The lungs are a potential entrance for graphene nanoparticles into the human body through airway. The inhaled GO nanosheets can destroy the ultrastructure and biophysical properties of pulmonary surfactant (PS) film, which is the first line of host defense, and emerge their potential toxicity [54]. The agglomerated or dispersed particles deposit on the inner alveolar surface within the alveoli and then be engulfed by alveolar macrophages (AMs) [55]. Clearance in the lungs is facilitated by the mucociliary escalator, AMs, or epithelial layer [56–58]. However, some small, inhaled nanoparticles infiltrate the intact lung epithelial barrier and can then transiently enter the alveolar epithelium or the interstitium [59, 60]. Intratracheally instilled graphene can redistribute to the liver and spleen by passing through the air-blood barrier [61]. The study of blood-air barrier may draw an intensive attention, since the researchers and workers occupational exposure of GFNs usually through inhalation.
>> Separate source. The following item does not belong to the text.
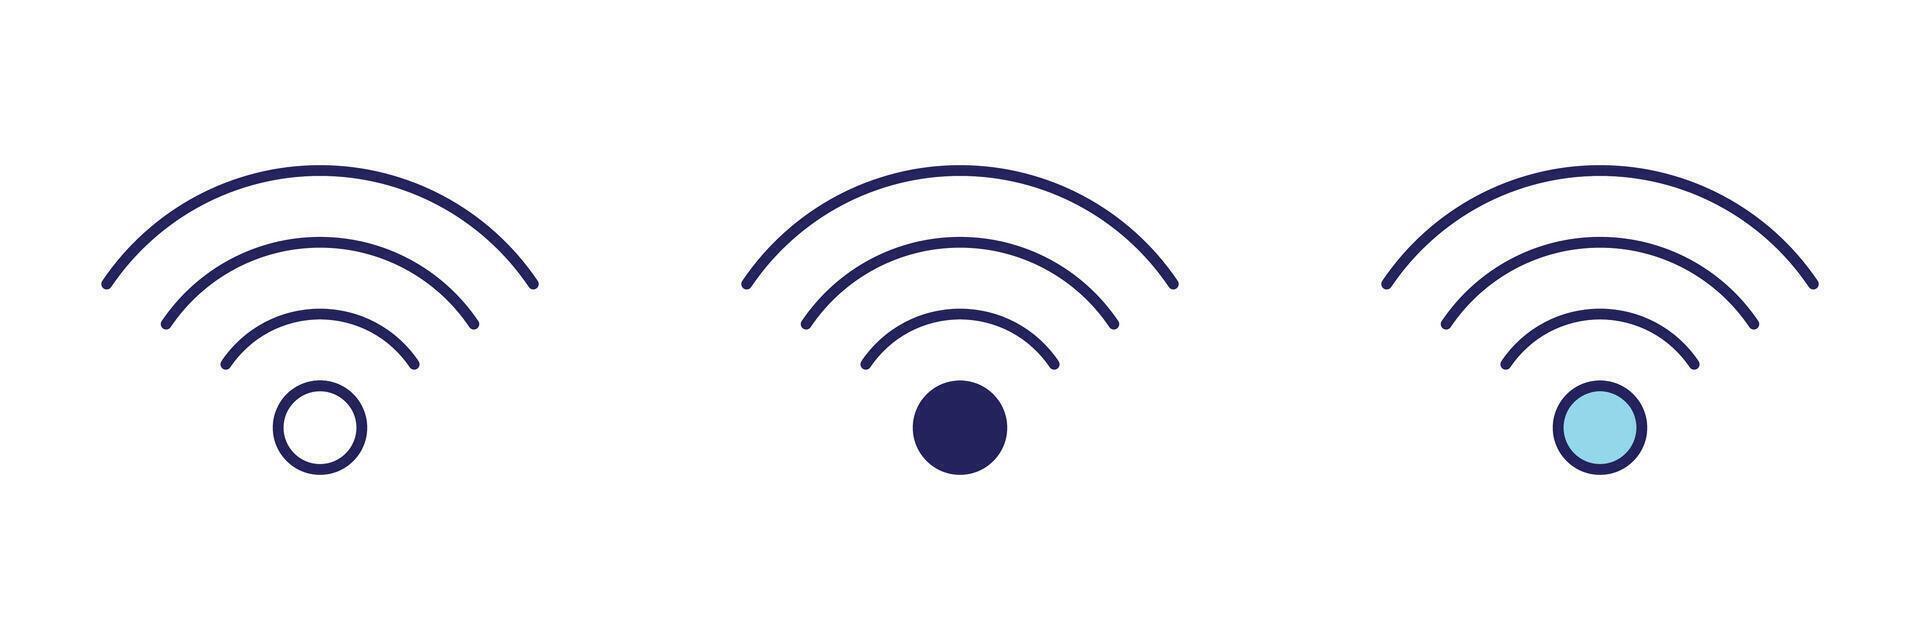 Wifi icono - navegación conjunto vector

To make clear how the blood-air barrier plays a role in the toxicity of GFNs may become a research hot topic.

Blood-brain barrier

The intricate arrangement of the blood-brain barrier, consisting of numbers of membrane receptors and highly selective carriers, only exerts subtle influence on blood circulation and the brain microenvironment compared to the peripheral vascular endothelium [62]. The research on the mechanism of blood-brain barrier had made some progress involved in diseases and nanotoxicity. Matrix-assisted laser desorption/ionization (MALDI) mass spectrometry imaging (MSI) revealed that rGO, with an average diameter of 342  ±  23. 5 nm, permeated through the paracellular pathway into the inter-endothelial cleft in a time-dependent manner by decreasing the blood-brain barrier paracellular tightness [63]. In addition, graphene quantum dots (GQDs), with a small size of less than 100 nm, can cross through the blood-brain barrier [64]. Studies on how graphene materials pass through the blood-brain barrier and cause neurotoxicity are very rare, and more data are needed to draw a conclusion.

Blood-testis barrier

The blood-testis and blood-epididymis barriers are well known for being some of the tightest blood-tissue barriers in the mammalian body [65]. GO particles with diameters of 54. 9  ±  23. 1 nm had difficulty penetrating the blood-testis and blood-epididymis barriers after intra-abdominal injection, and the sperm quality of the mice was not obviously affected even at 300 mg/kg dosage [66].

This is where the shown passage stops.